According to local reports, heavily armed gunmen broke into the residential area around 2.45am on Thursday morning, and began firing randomly.
Mandera on the Somali border has often been targeted by al Shabaab, which says it will continue its campaign of attacks in Kenya until the Kenyan government withdraws its troops from Somalia where they are part of an African force.
"We have suffered another sad attack," the governor of Mandera county, Ali Roba, wrote on Twitter, saying six people had been confirmed dead.
"If not for the quick response by our security forces, we would be talking of many more casualties now," Roba told Reuters by telephone. "From the nature and style of the attack, it will obviously be al Shabaab."
He told Kenyan newspaper Daily Nation: "Six lives are too many to lose.

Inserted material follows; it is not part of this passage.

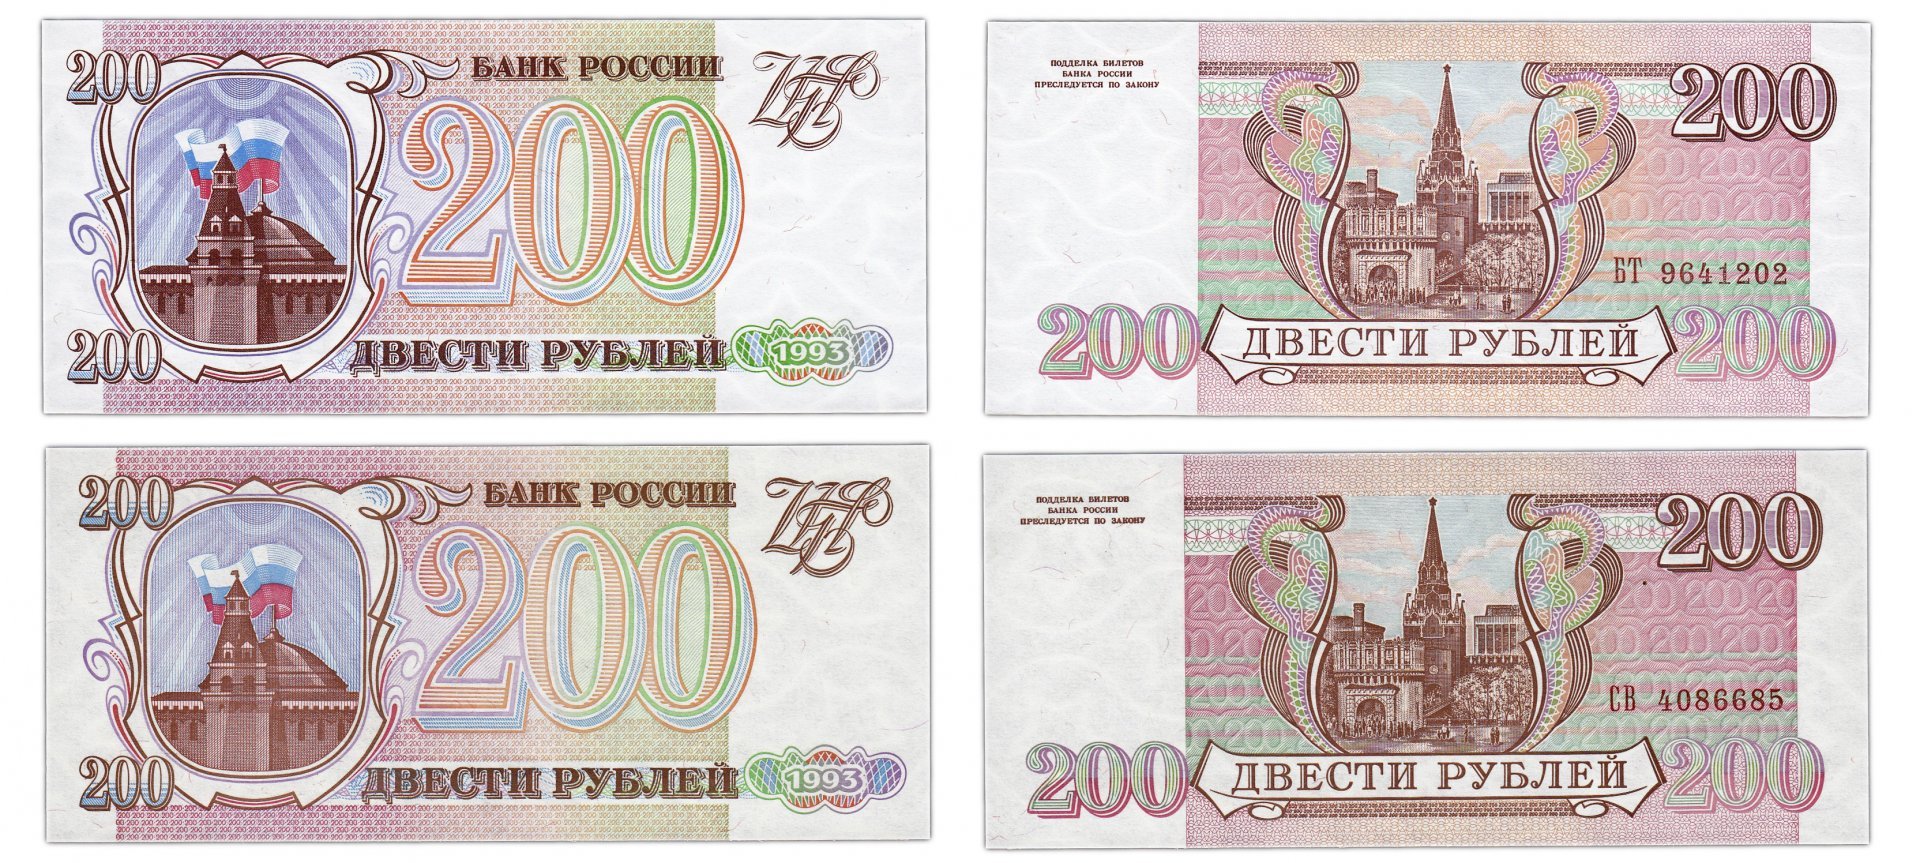 Купюры рубли распечатать. Игровые банкноты для распечатки. Рубли купюры для печати. Бумажные российские деньги для детей. Рубли для печати.

We condemn the attack which comes at a time when locals had started enjoying peace."
Repeated in attacks in Kenya by al Shabaab have killed hundreds of people in the past three years or so and hammered the country's vital tourism industry.
The assaults have often been in the northeast, near the long and porous border with Somalia, but the group has also struck coastal areas popular with tourists and the capital Nairobi, where al Shabaab gunman attacked Westgate shopping mall in 2013.

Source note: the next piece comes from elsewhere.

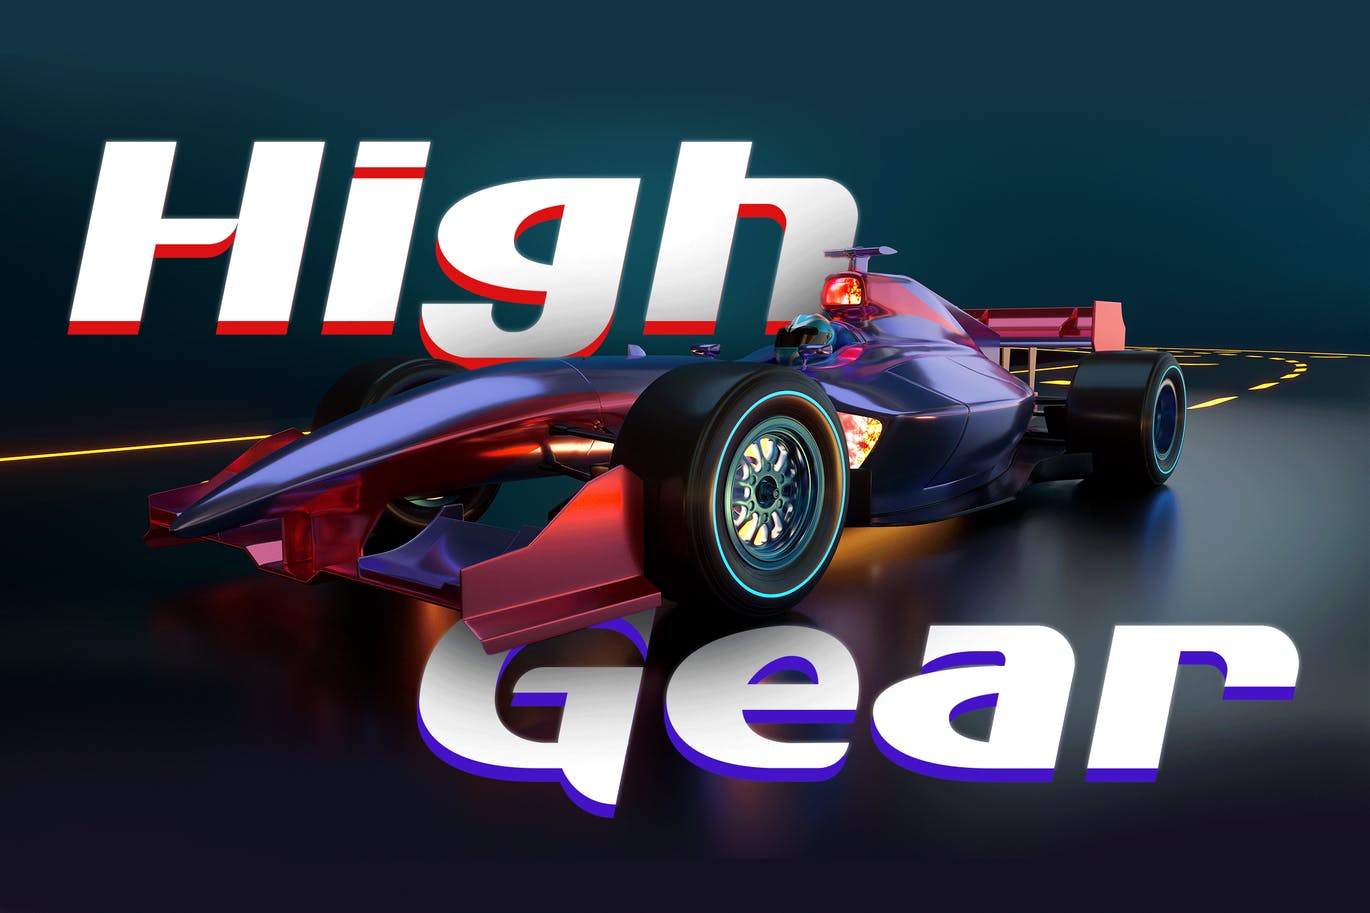 赛车游戏无衬线字体素材 High Gear – Gaming Font 设计素材 第1张

In April last year, more than 150 people, mostly students, died when al Shabaab militants attacked Garissa University in north-eastern Kenya. Survivors spoke of merciless executions by the attackers, who stalked classrooms and dormitories hunting for non-Muslim students.
Witnesses reported that gunmen singled out Christians for point-blank executions during a 13-hour killing spree. Some survivors were forced to pretend they were dead by covering themselves in blood.